For each fieldname, we have a declaration of the units in a `unyt`-compatible string. When loading the field data from the vtu files, we'll first check this json for the units of each field. If `aspect_units.json` exists in the directory of the data, then any fields defined there will override the default values. If a field is not found in either file, then we'll print a warning and not set any units. 

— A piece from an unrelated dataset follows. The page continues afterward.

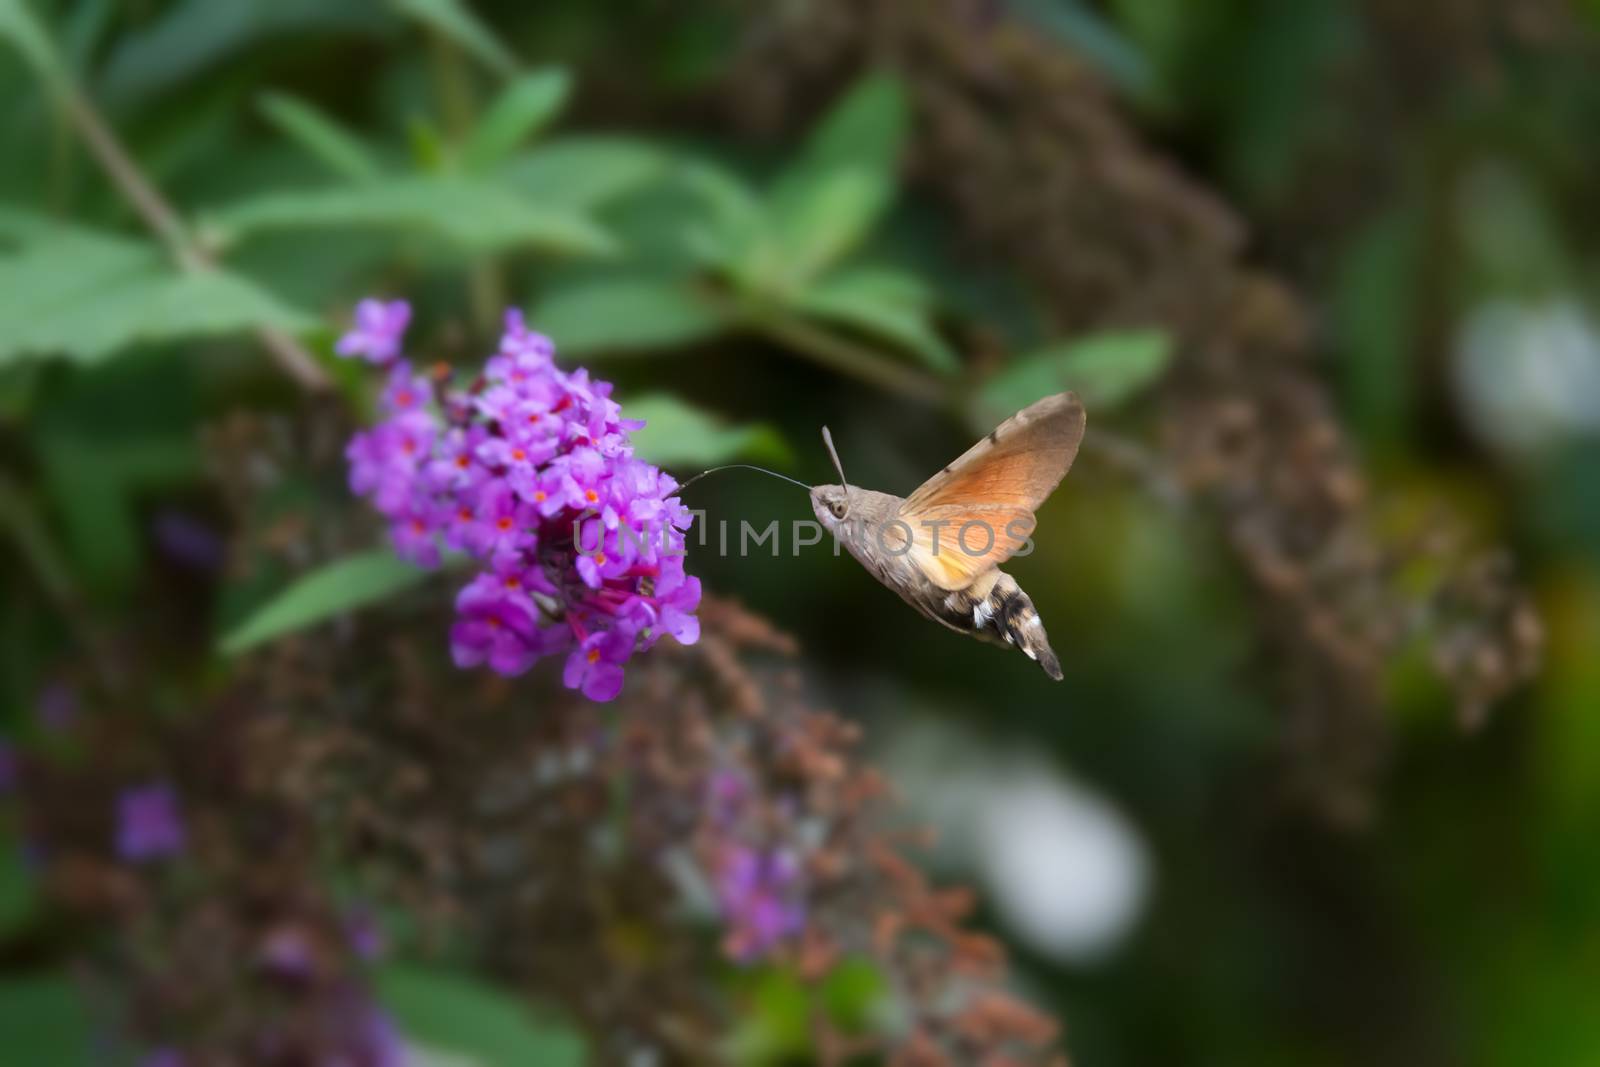 Hummingnird Hawk-moth, Macroglossum stellatarum, feeding on nectar from purple buddleia flower.

The default units can be loaded into a python dictionary as follows:

In [2]:
with open('aspect_default_units.json') as jstream:
    default_units = json.load(jstream)

In [3]:
print(default_units)

{'T': 'K', 'p': 'Pa', 'viscosity': 'Pa*s', 'strain_rate': '1 / s', 'velocity': 'm / s', 'time': 's', 'length': 'm'}


So if we had a numpy array of `T` values, we could build a `unyt` array as follows:

In [4]:
T = np.linspace(500,1800,5)
T = unyt.unyt_array(T,default_units['T'])
T

unyt_array([ 500.,  825., 1150., 1475., 1800.], 'K')

In [5]:
T.to("Celsius")

unyt_array([ 226.85,  551.85,  876.85, 1201.85, 1526.85], 'degC')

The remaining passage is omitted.